------ Data supplied
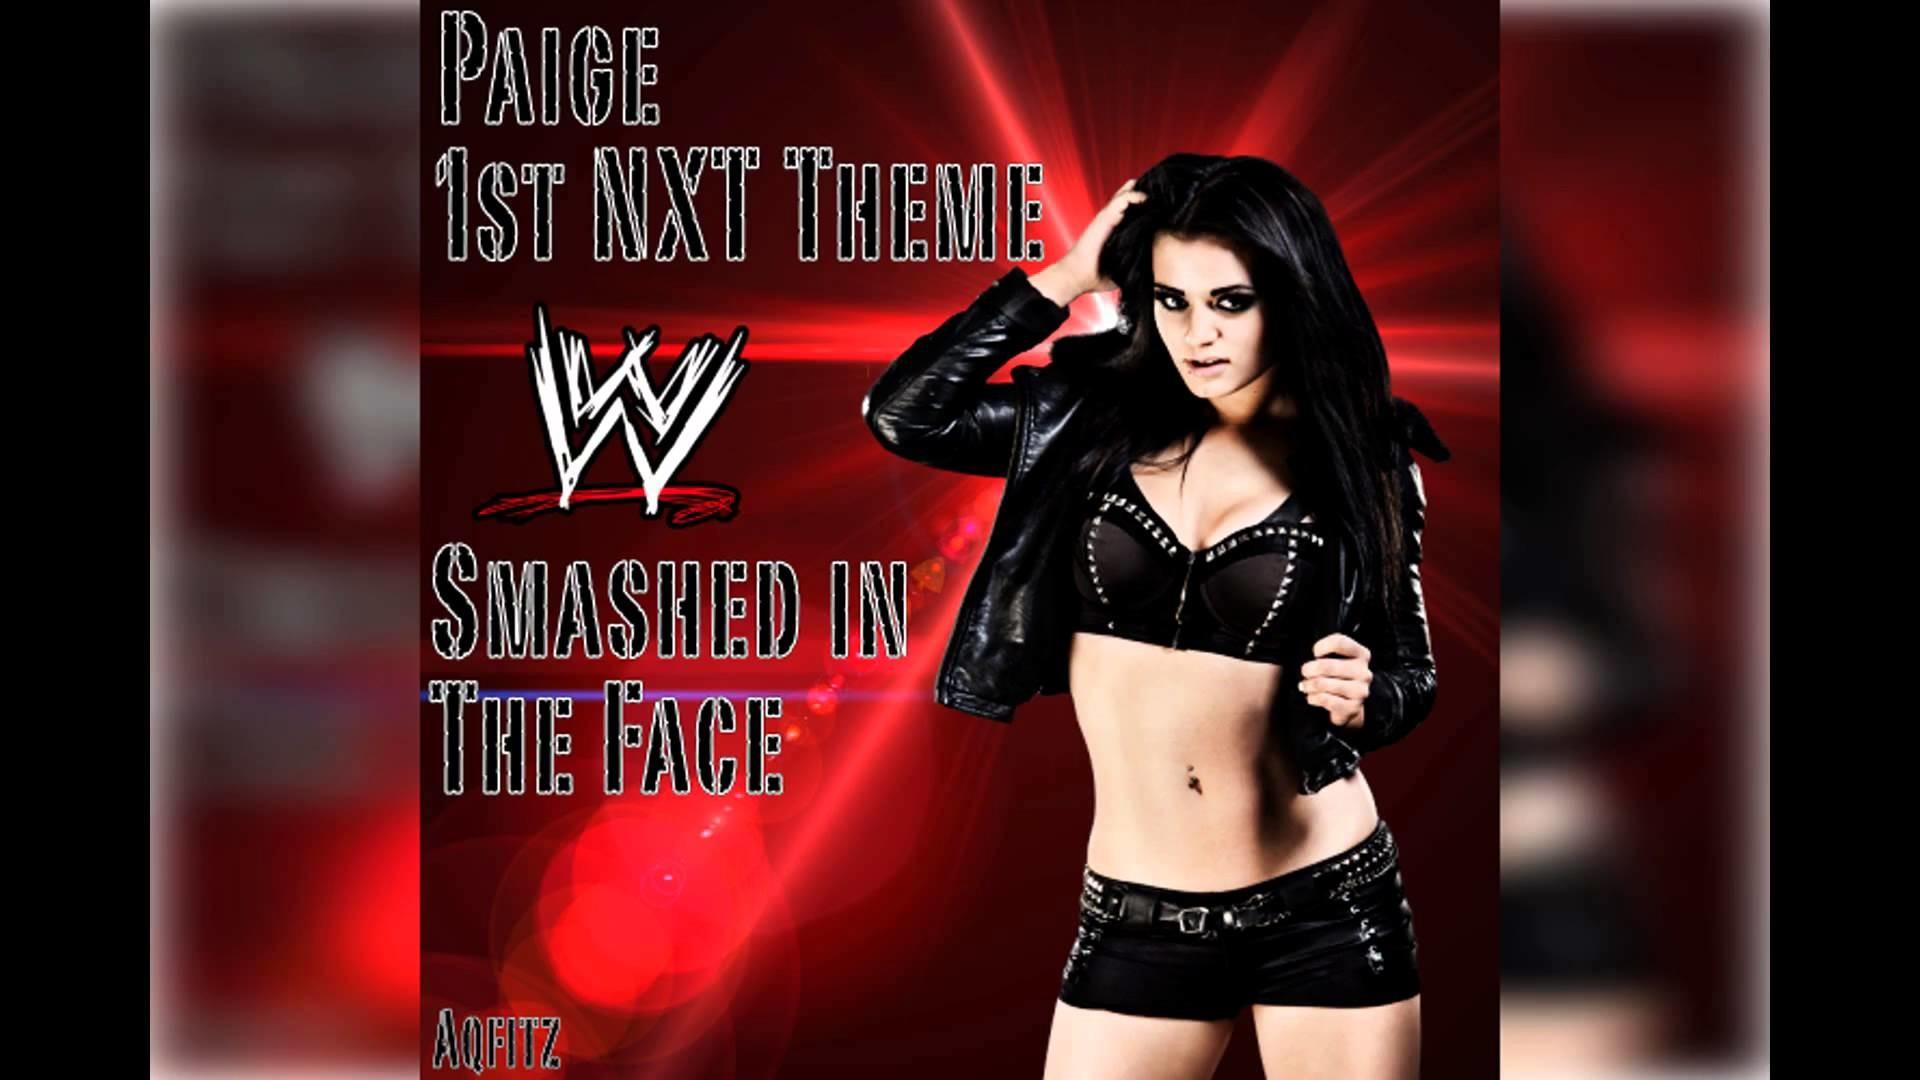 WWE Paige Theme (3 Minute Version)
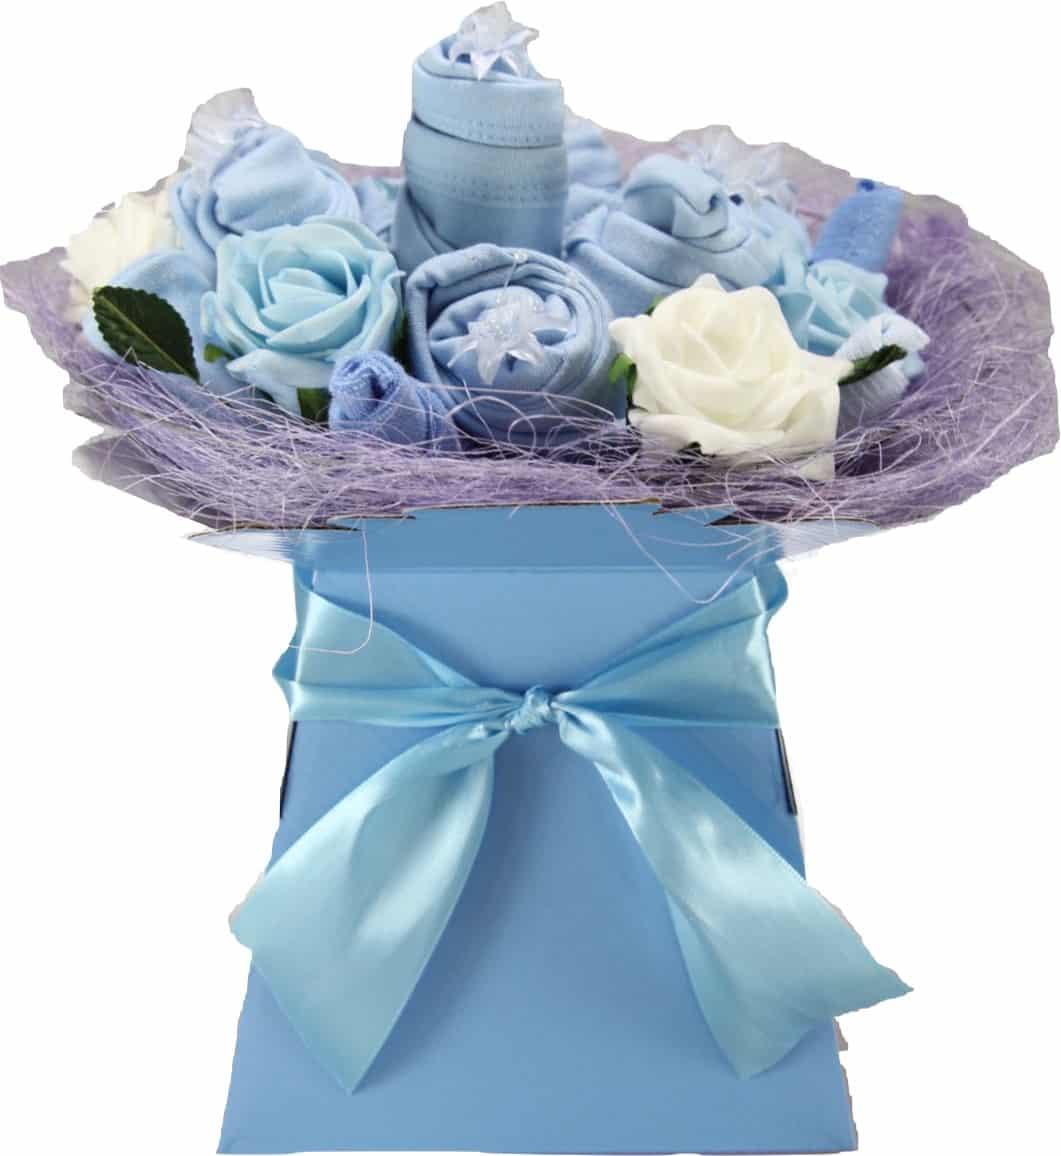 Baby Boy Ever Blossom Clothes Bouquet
------------
------ Data supplied
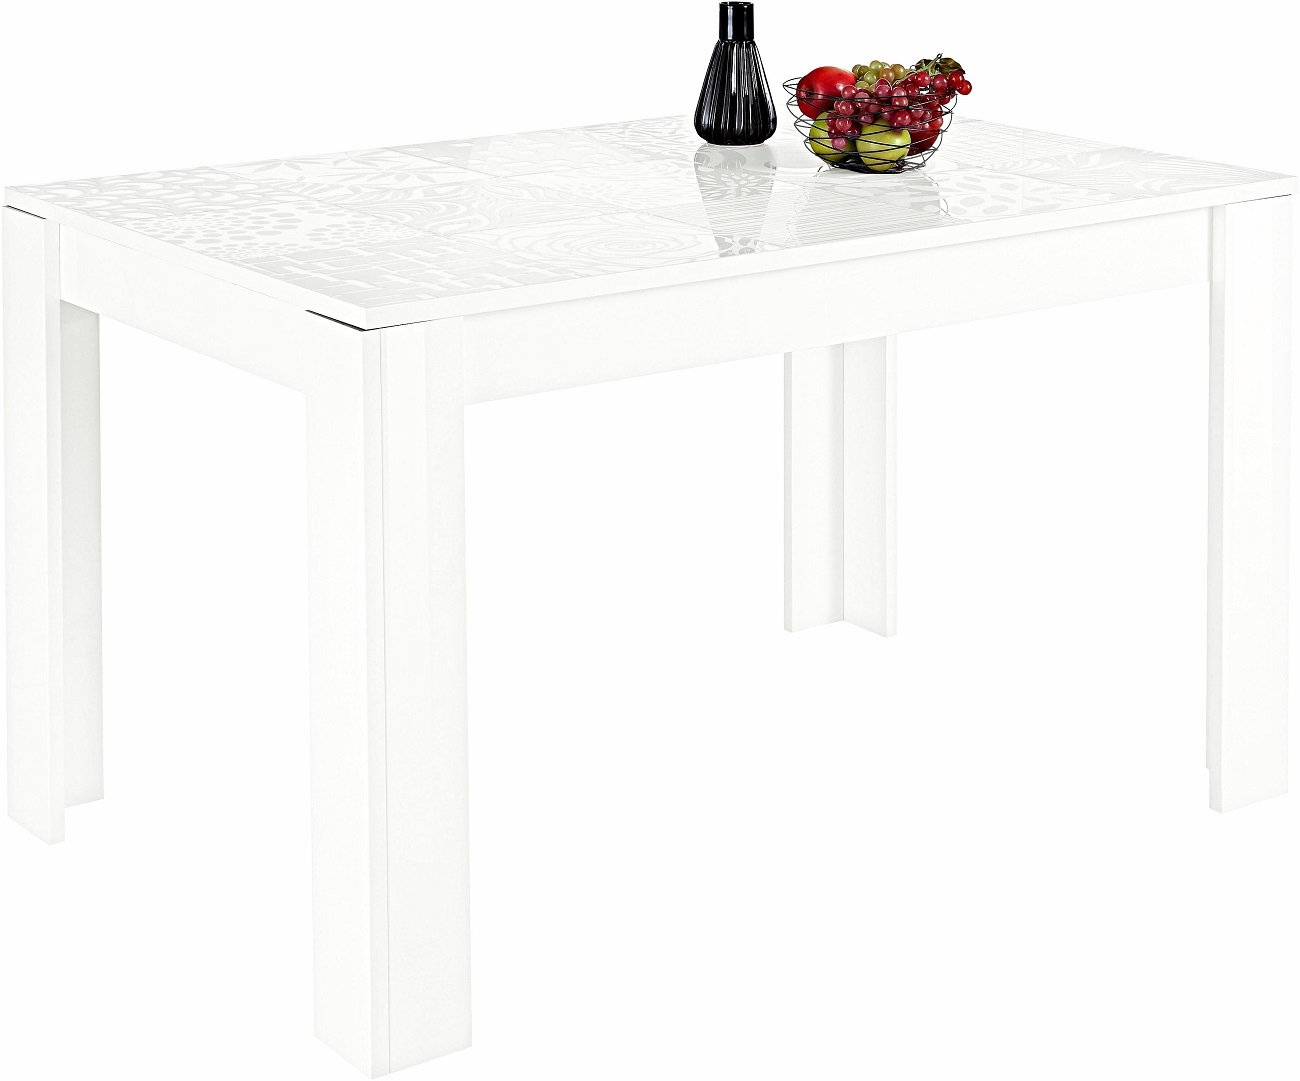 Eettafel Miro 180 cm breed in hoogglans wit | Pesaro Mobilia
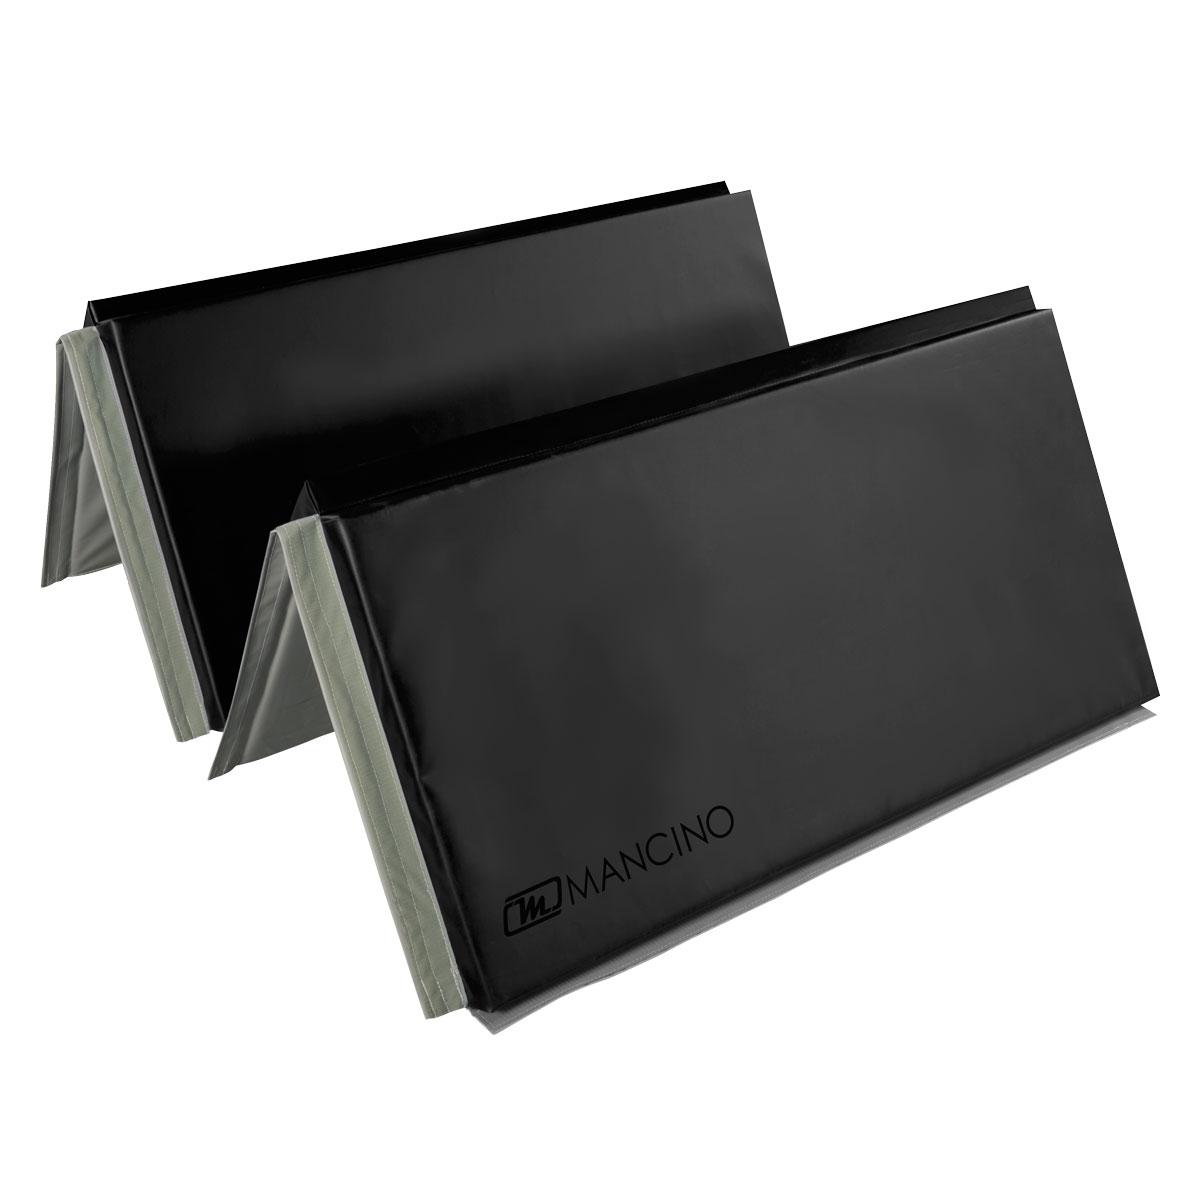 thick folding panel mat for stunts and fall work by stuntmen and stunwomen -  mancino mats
------------
Task objective |
Leaving pictures out, output the lines of the data above from the one with "WWE Paige Theme (3 Minute Version)" through the one with "Baby Boy Ever Blossom Clothes Bouquet", word for word.

Written solution |
 WWE Paige Theme (3 Minute Version)
 Baby Boy Ever Blossom Clothes Bouquet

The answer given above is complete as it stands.